Part 14

1K 166 30
                                    

Ayo ayo, 500 yang baca, masa yang  vote masih kurang dari 100 😢😢

Suka sedih aku tuh..

Karena walau aku suka menulis, tapi pengen tau juga pendapat kalian 😢😢

☁☁☁

“I trust you, always.”

☁☁☁

Malam harinya menjadi malam penuh siksaan bagi Lucas.

Yerinya sakit radang tenggorokan yang membuat tubuhnya sampai panas hingga 38,5 derajat Celsius. Ditambah sakit kepala yang dikeluhkan si cantik.

Sekarang Lucas sedang duduk di sofa single dengan sorot mata yang fokus menatap Yeri yang bersandar nyaman di bahu sang ayah. Sedangkan ibunya sedang memasakan bubur agar bisa dimakan oleh Yeri yang sedang sulit menelan makanan keras itu.

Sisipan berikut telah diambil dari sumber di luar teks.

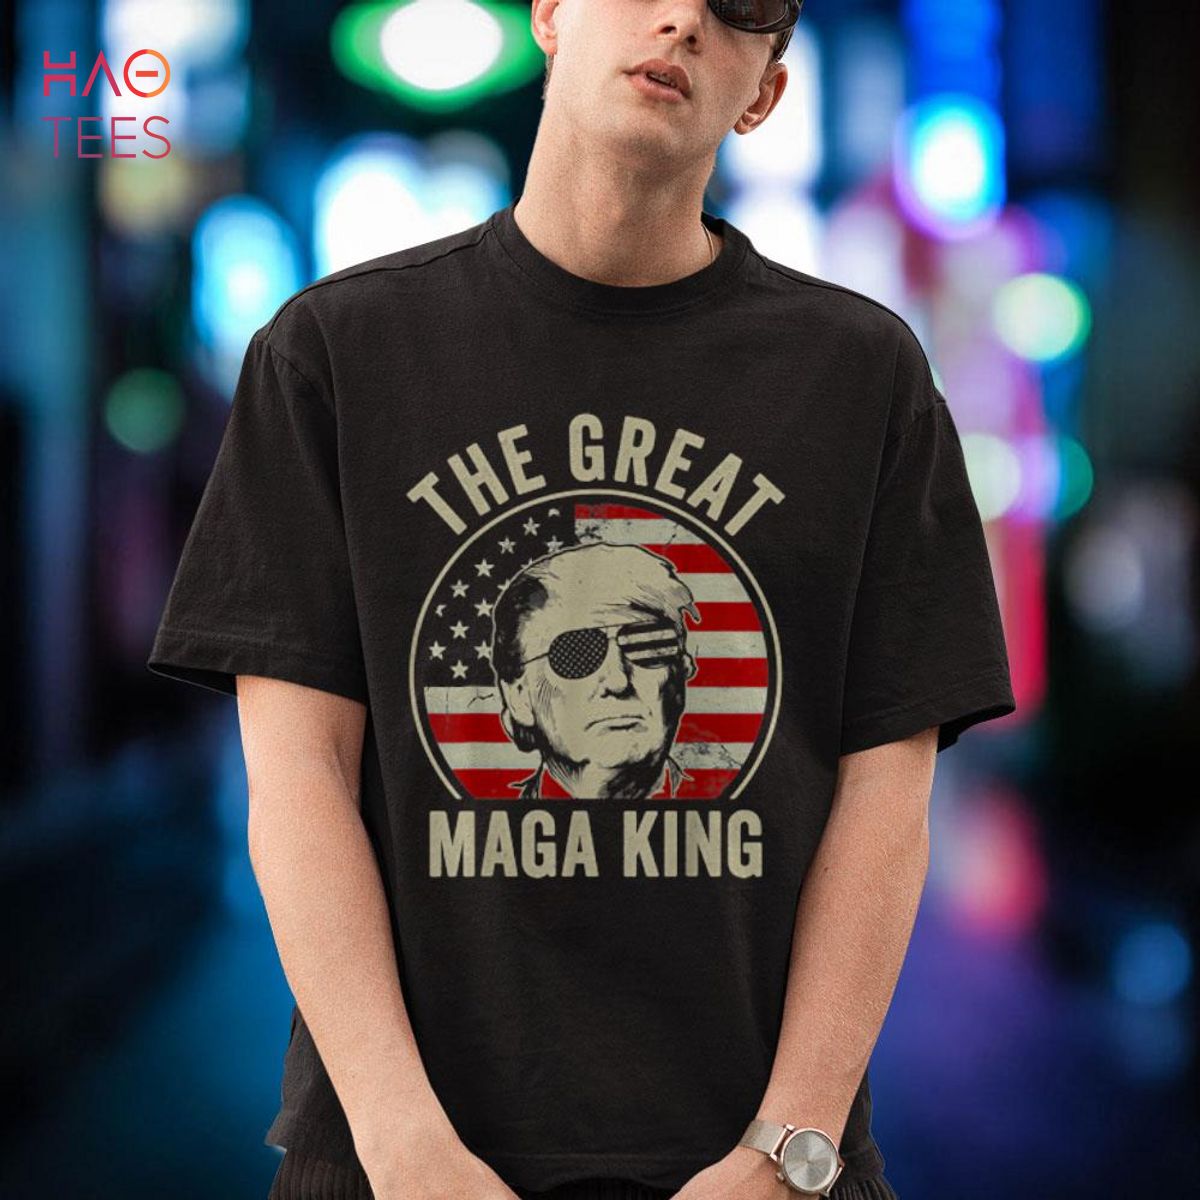 NEW TREND The Great Maga King Funny Trump Ultra Maga King Shirt

Setelah mereka habis pergi dari rumah sakit untuk memeriksa keadaan gadis itu,  Lucas kini hanya berdiam diri saja. Bukannya tak peduli, hanya saja ia tidak ingin kelepasan memarahi Yeri seperti tadi saat ia ingin membawa gadis keras kepala itu ke rumah sakit. Untung saja, Johennedi dan Amanda bertepatan pulang saat mereka bertengkar dan melerai mereka lalu membujuk Yeri ke rumah sakit.

“Yeri, ini di makan dulu buburnya, biar bisa minum obat.” Amanda datang dengan membawa nampan berisi semangkok bubur. Wanita paruh baya itu menaruh nampan di meja dan duduk di samping Yeri, lalu mengelus rambutnya dengan lembut.

“Harus minum obat ya ma?” Yeri memasang wajah nelangsa seakan ialah orang paling menderita ketika ia mendengar kata obat.

“Ya haruslah! siapa suruh sakit.” Lucas menyela ketus sebelum mamanya menjawab, membuat wanita itu menepuk paha anak lelakinya ini tanpa ampun.

“Jangan mulai lagi ya...” dengan nada peringatan sang papa bersuara.

Amanda pun menghiraukan anak laki-lakinya ini dan mengambil mangkok buburnya bersiap untuk menyuapi Yeri. Johennedi dengan mengelus lembut pundak seperti membujuk dan membantu Yeri duduk tegap agar mau menerima suapan dari istrinya.

Sementara Lucas. Cowok itu mendecak keras tanda kesal lalu beranjak pergi menuju kamarnya. Yeri melihati kepergian Lucas dengan wajah sedih. Ia seharusnya menurut saja pada Lucas tanpa bantahan, karena membuat cowok tinggi itu khawatir sampai marah bukanlah hal yang baik.

“Dah, abisin dulu buburnya, trus minum obat lalu tidur. Besok Lucasnya baik lagi kok...” ucap Johennedi dan memeluk bahu Yeri yang suhu tubuhnya masih hangat.

“Iya, betul kata papa. Kayak dia bisa aja marah sama kamu lama-lama.”  Amanda menimpali dengan senyum cantik di wajahnya.

Yeri merasa dadanya menghangat karena terharu. Ia benar-benar merasa amat sangat bersyukur. Sangat!

Keluarganya sendiri memang hancur, tetapi orang tua Lucas menggantikannya peran kedua orang tuanya  dengan amat sangat baik. Jahatkah ia jika ingin selamanya berada di sini?

“Maa, Paa. Makasih banyak yaa. Makasih banget udah baik dan peduli sama Yeri, padahal aku bukan anak kalian...” Yeri menghapus setitik air matanya yang jatuh sambil menatap mereka bergantian dengan tersenyum, rasa pusing dikepalanya ia abaikan dan bergerak memeluk mama Lucas.

“Hei. Kok begini sih?” Respon mama Lucas.

Walau kerepotan, ia segera menyerahkan mangkok bubur yang ingin di pegangi oleh sang suami, lalu membalas pelukannya dan menepuk-nepuk punggung Yeri menenangkan saat merasakan anak gadis yang sudah ia anggap sebagai anak gadisnya ini kembali menangis sampai sesenggukan.